The regency is divided into sixteen districts (kecamatan), listed below with their populations at the 2010 Census and 2020 Census, together with the official estimates as at mid 2024. The table also includes the locations of the district administrative centres, the number of villages in each district (totaling 139 rural desa and 6 urban kelurahan), and its post code.

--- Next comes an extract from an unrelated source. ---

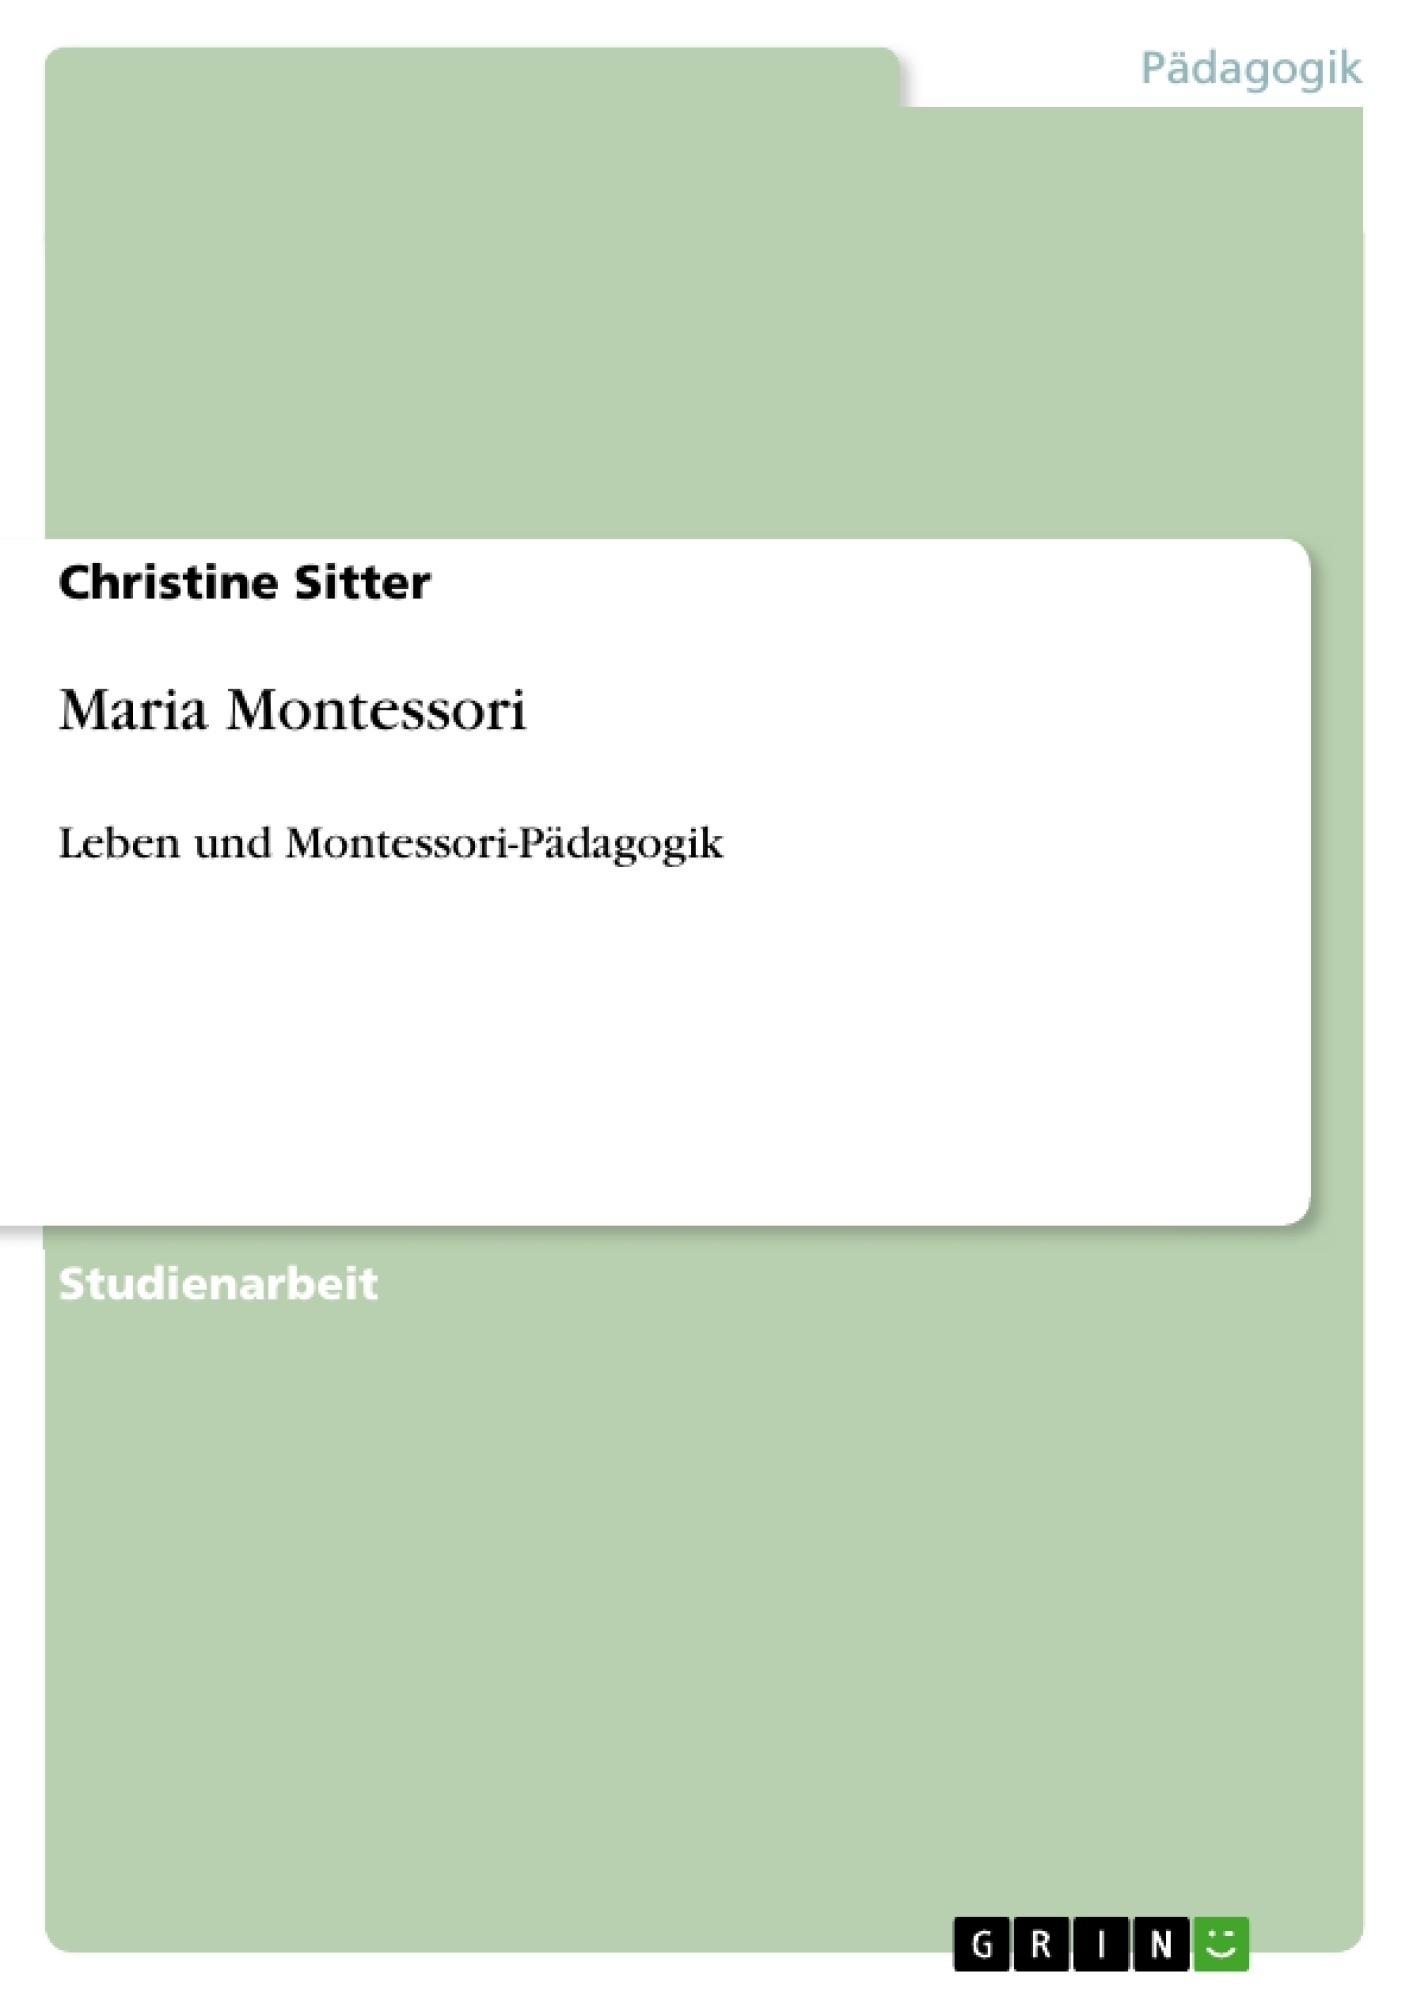 Titel: Maria Montessori

| Kode Wilayah | Name of District (kecamatan) | Area in km^{2} | Pop'n Census 2010 | Pop'n Census 2020 | Pop'n Estimate mid 2024 | Admin centre | No. of villages | Post code |
|---|---|---|---|---|---|---|---|---|
| 14.06.02 | Rokan IV Koto | 952.31 | 20,284 | 23,010 | 24,955 | Rokan | 14 | 28551 |
| 14.06.16 | Pendalian IV Koto | 204.24 | 10,675 | 12,770 | 12,632 | Pendalian | 5 | 28555 |
| 14.06.11 | Tandun ^{(a)} | 277.64 | 25,765 | 30,770 | 33,102 | Tandun | 9 | 28552 |
| 14.06.12 | Kabun ^{(a)} | 355.46 | 22,166 | 26,280 | 28,213 | Kabun | 6 | 28554 |
| 14.06.01 | Ujung Batu | 99.27 | 40,796 | 49,250 | 51,768 | Ujung Batu | 5 | 28553 |
| 14.06.07 | Rambah Samo | 352.33 | 27,197 | 33,940 | 34,752 | Rambah Samo | 14 | 28565 |
| 14.06.03 | Rambah | 343.23 | 41,348 | 51,050 | 54,332 | Pasir Pengaraian | 14 | 28560 |
| 14.06.08 | Rambah Hilir (Lower Rambah) | 279.16 | 34,375 | 40,440 | 41,714 | Muara Rumbai | 13 | 28561 |
| 14.06.10 | Bangun Purba | 150.15 | 15,612 | 18,890 | 20,245 | Tangun | 7 | 28557 |
| 14.06.04 | Tambusai | 775.16 | 53,067 | 62,020 | 61,150 | Dalu-Dalu | 12 | 28558 |
| 14.06.09 | Tambusai Utara (North Tambusai) | 951.48 | 73,874 | 86,780 | 87,915 | Rantau Kasai | 11 | 28662 |
| 14.06.05 | Kepenuhan | 502.81 | 20,500 | 26,620 | 29,120 | Kota Tengah | 10 | 28563 |
| 14.06.15 | Kepenuhan Hulu (Upper Kepenuhan) | 297.33 | 15,650 | 18,120 | 19,083 | Kepenuhan Hulu | 5 | 28564 |
| 14.06.06 | Kunto Darussalam | 777.64 | 39,425 | 44,880 | 46,504 | Kota Lama | 10 | 28556 |
| 14.06.14 | Pagaran Tapah Darussalam | 150.46 | 14,683 | 11,810 | 12,295 | Pagaran Tapah | 3 | 28550 |
| 14.06.13 | Bonai Darussalam | 1,119.49 | 19,426 | 26,070 | 29,214 | Sontang | 7 | 28559 |
|  | Totals | 7,588.13 | 474,843 | 561,385 | 586,994 | Pasir Pengaraian | 145 |  |

Notes: (a) Tandun and Rabun Districts form a long salient in the southeast of the Regency into Kampar Regency.